Keeping strong hives and paying attention by not allowing too much comb so the bees do not lose control is best.

Ground treatments, and almost everything in the magazines being marketed, has to do with some type treatment based on trying to control the larvae after they leave the hive.

What a Joke! If you got larvae (SHB worms) dropping out of the hive and are trying to kill them at that stage of the process, you lost your hive.

Who cares at that point, since the next wave of beetles may come from miles away, and not under your hives.

I made these statements to probably the leading SHB researcher, and I must of caught him off guard. He studdered, agreed, and was lost for words.

A few beetle in the hive is not worth worrying about.

Freeze your supers after extraction. Or let your bees clean them out. For the most part, SHB are usually on wet supers or boxes. They don't do much to comb that does not have honey.

Ultimately, you will find some bees handle them great while others do not. But much of this success is the beekeeper paying attention and doing his/her part.


----------



## alleyyooper

Lots of small bee keepers who can get in their hive every couple of weeks use coragated card board on the top bars to keep them under some control. Place a square in the hive and in a couple of weeks remove it into a pail of hot water I've been told.

DIY traps.
http://www.greenbeehives.com/abgrbe.html

http://entnemdept.ufl.edu/creatures/misc/bees/small_hive_beetle.htm
pay attention to the Clutural and mechanical controls section.
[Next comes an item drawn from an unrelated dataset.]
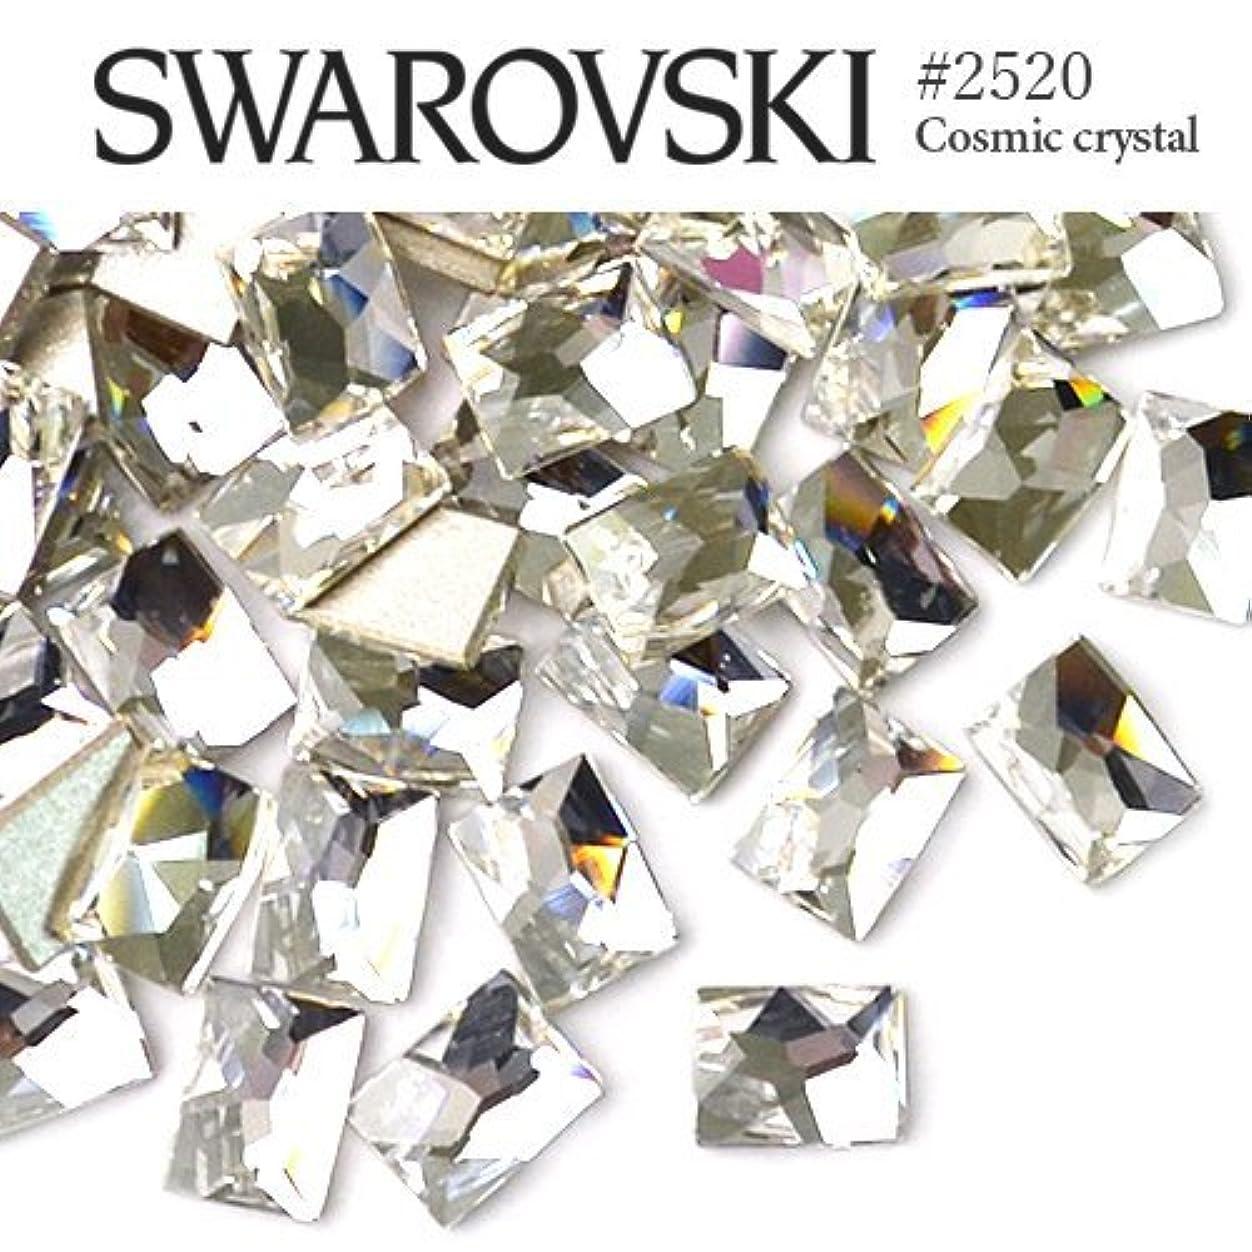 有効な天窓今#2520 コズミック (長方形) [クリスタル] 3粒入り スワロフスキー ラインストーン レジン パーツ ネイルパーツ ジェルネイル デコパーツ スワロ

http://www.omafra.gov.on.ca/english/food/inspection/bees/info-shb-treatment.htm

 Al


----------



## southerngurl

I had a few when I got my first hive. I put one of those mineral oil traps in there and crushed a couple by hand and havent seen any in a few weeks except dead in the trap. The number in the trap hasn't changed either so I think they are all gone for now. I also have metal under my hive which would screw up their life cycle but would hope never to get to that point! 
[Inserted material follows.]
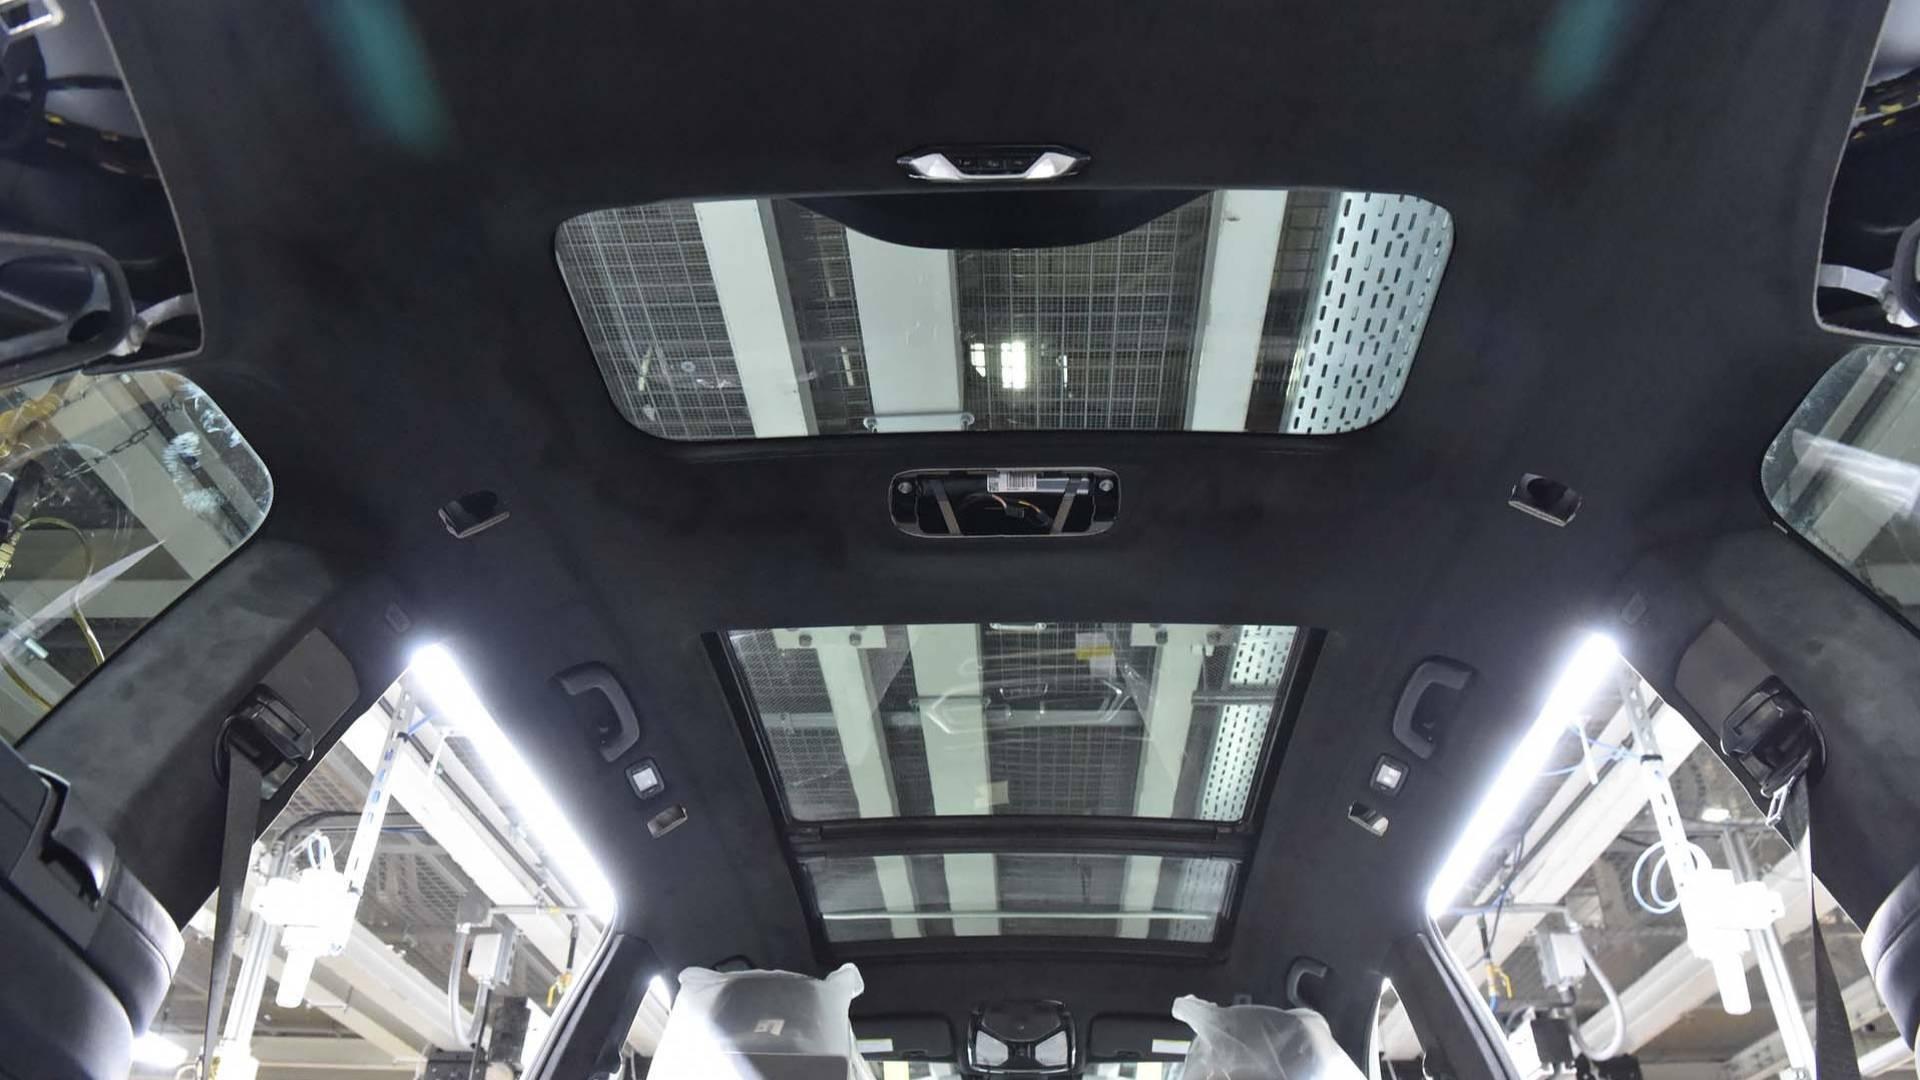 BMW X7. Foto: Divulgação

I read that the bees themselves will round them up and hold them like in prison so they can't run around and do anything, but when we open the hivemthey get lose in all the confusion, something to think about too.


----------



## southerngurl

I just have one of these little traps, slide between the frames. http://www.rweaver.com/images/Supplies-sm-hive-beetle-trap.jpg


----------



## greg273

Interesting thread, hope you dont mind farmgirl if I ask a related question...
We've got 2 new hives this year... first ever, actually, bought 2 nucleus hives late this spring. Each has 2 deep supers, they are filling out about 60% of the second hive body I put on a month ago.
Saw two hive beetles when I first opened one of them... up top, on the inner cover. Bees are looking good, and storing honey. At what population are they considered a menace? Will the bees take care of them in a reasonably strong hive? We're pretty new at this, but starting to learn....
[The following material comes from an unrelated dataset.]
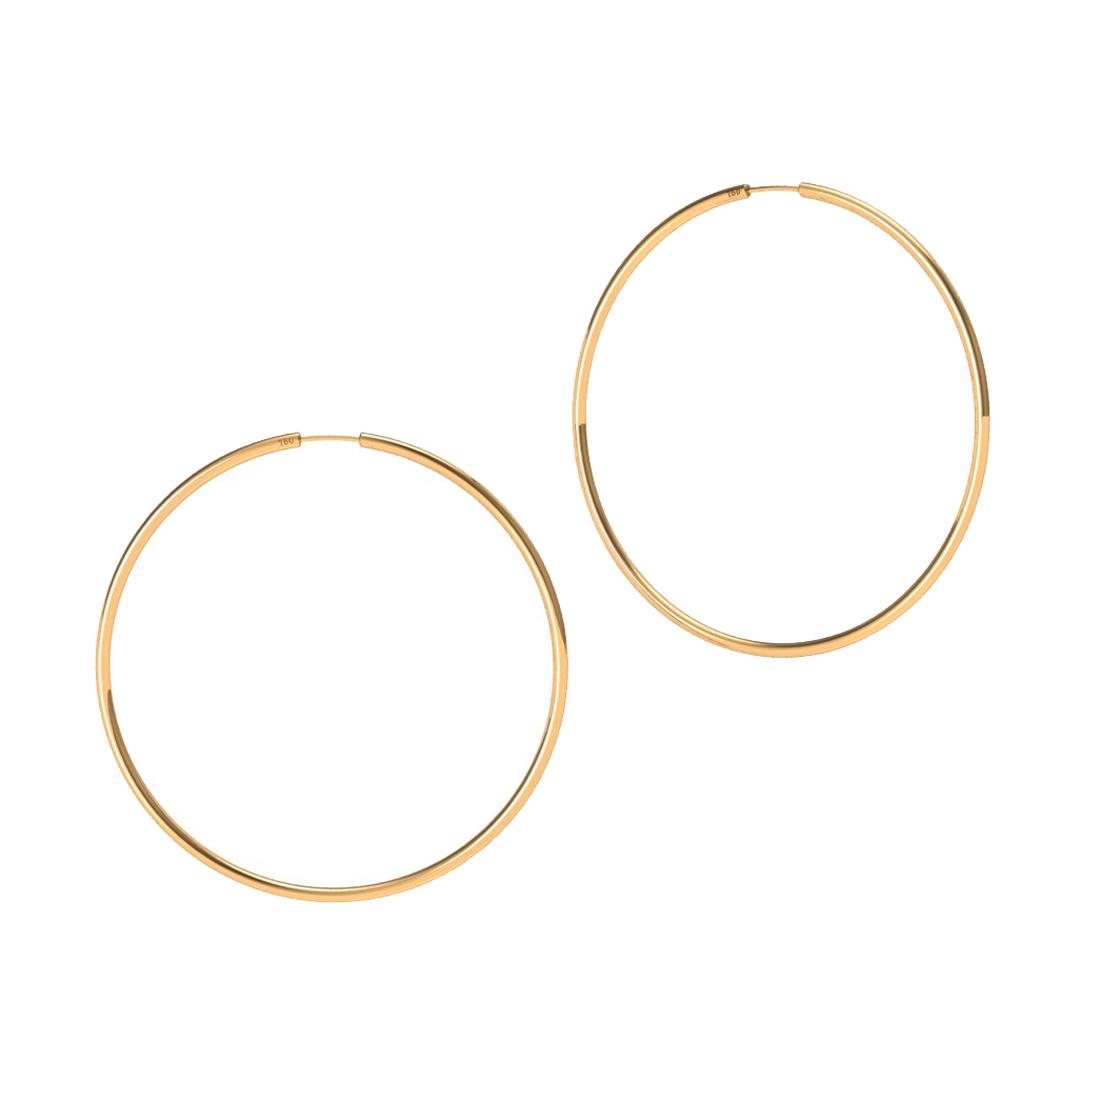 Brinco Argola 33 Milímetros Fio Redondo Unissex Ouro 18K K150 23117

The only thing unusual about that hive was the excessive burr comb the bees were building on that inner cover, they were apparently finishing a leftover project from when I left them in the first deep super too long. I scraped it all off this time, it was empty, except for a few drops of honey.


----------



## greg273

http://entnemdept.ufl.edu/creatures/misc/bees/small_hive_beetle.htm

Great link Al. Its amazing to think these beetles made their way throughout the US so quickly!


----------